A year ago, the Department of Finance predicted that the Irish economy would grow by 2.0% in 2014 and by 2.3 % in 2015. It now sees growth of 4.7% this year and 3.9% in 2015. So, growth is roughly twice as fast over this year and next as originally expected. In these circumstances, it is slightly disappointing that the Government deficit sought for 2015 at 2.7% of GDP is just a shade below the original target of 2.9%.
There is considerable uncertainty about the pace of Irish GDP growth likely to be achieved for 2014 as a whole and for the year ahead even if there is a broad consensus that it should be robust. KBC Bank Ireland’s forecasts and those of the Government, compared in Budget 2015 Emphasises Boost To Activity Rather Than Cut In Borrowing14 October 2014 4 diagram 3 above, show many similarities. We think this year’s outturn will be somewhat stronger than the official projections suggest. The quarterly profile underlying the forecasts of the Dept of Finance envisages a significant pull-back in the second half of this year and a marked rebound through 2015. Our numbers imply a somewhat flatter if still strong trajectory in activity over the next fifteen to eighteen months.
For 2014, we broadly agree with the Department view in relation to key barometers of domestic activity such as consumer spending and employment. Several measures introduced in Budget 2015 such as the reintroduction of an additional welfare ’bonus’ payment together with the marginal easing in the tax burden envisaged next year should support a reasonably healthy run-up to the key Christmas spending period.
We are notably more cautious in respect of household spending next year than the Department of Finance which now envisages growth in consumer spending accelerating to 2.7% in 2015 from 1.7% in 2014 before slipping back to an increase of 1.4% in 2016. This is a very unusual pattern particularly as the Department envisages household spending increases remaining both modest and below jobs growth throughout the 2016-2018 period.
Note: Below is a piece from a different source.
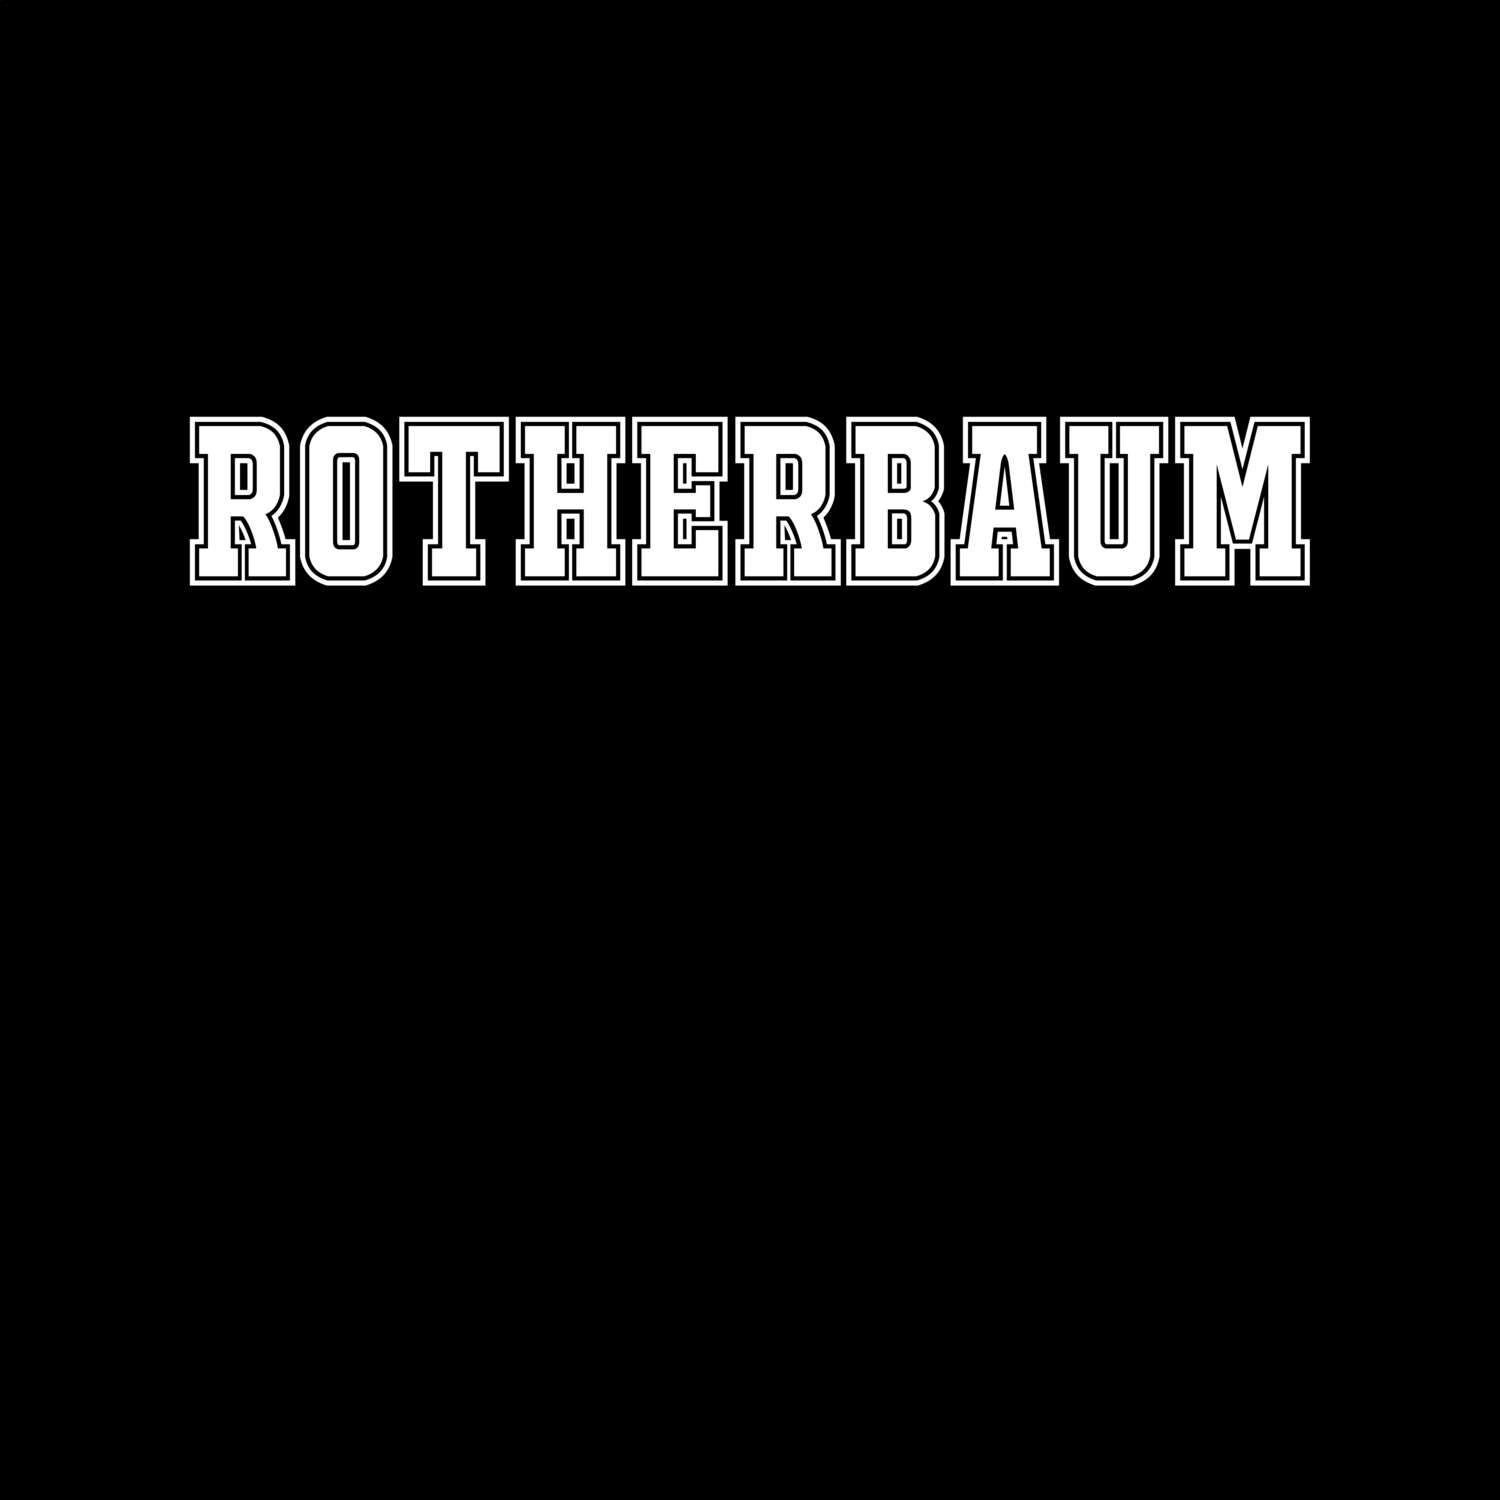 Rotherbaum T-Shirt »Classic«

Our sense is that the Irish economy is now set on a reasonably solid path even if global uncertainties still abound (the materialisation of such risks is not hinted at in forecasts for exports). There may be some official inclination to play down the longer term prospects for domestic spending lest that sparks unreasonable expectations about the Budget leeway that might follow. Indeed, our general sense is that there is a decent prospect that Budget targets for next year could be exceeded (as our forecasts in diagram 3 indicate).
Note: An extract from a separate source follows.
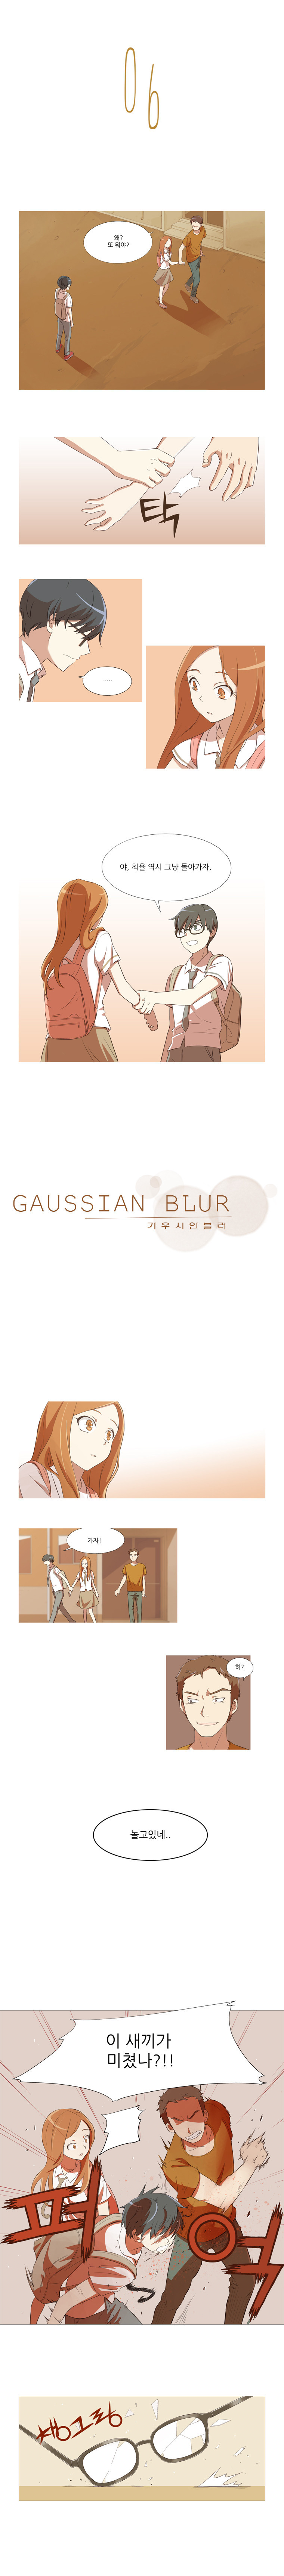 Gaussian Blur - Chapter 06 - Page 1

In summary, Budget 2015 does many things very well. It should broaden the reach of the recovery and attempts some response to substantial pressures in areas such as social housing and teacher numbers. It achieves promised deficit targets and facilitates a significant easing in the Debt to GDP ratio. Importantly, by setting out policy intentions to deal with contentious tax arrangements such as the ‘double Irish’ while proposing new support in areas such as intellectual property, it emphasises both the transparent and competitive nature of the Irish corporation tax regime. However, it may not be completely churlish too suggest that in terms of the balance between boosting activity and cutting borrowing, there is an argument for a little more emphasis on the latter than today’s budget contained.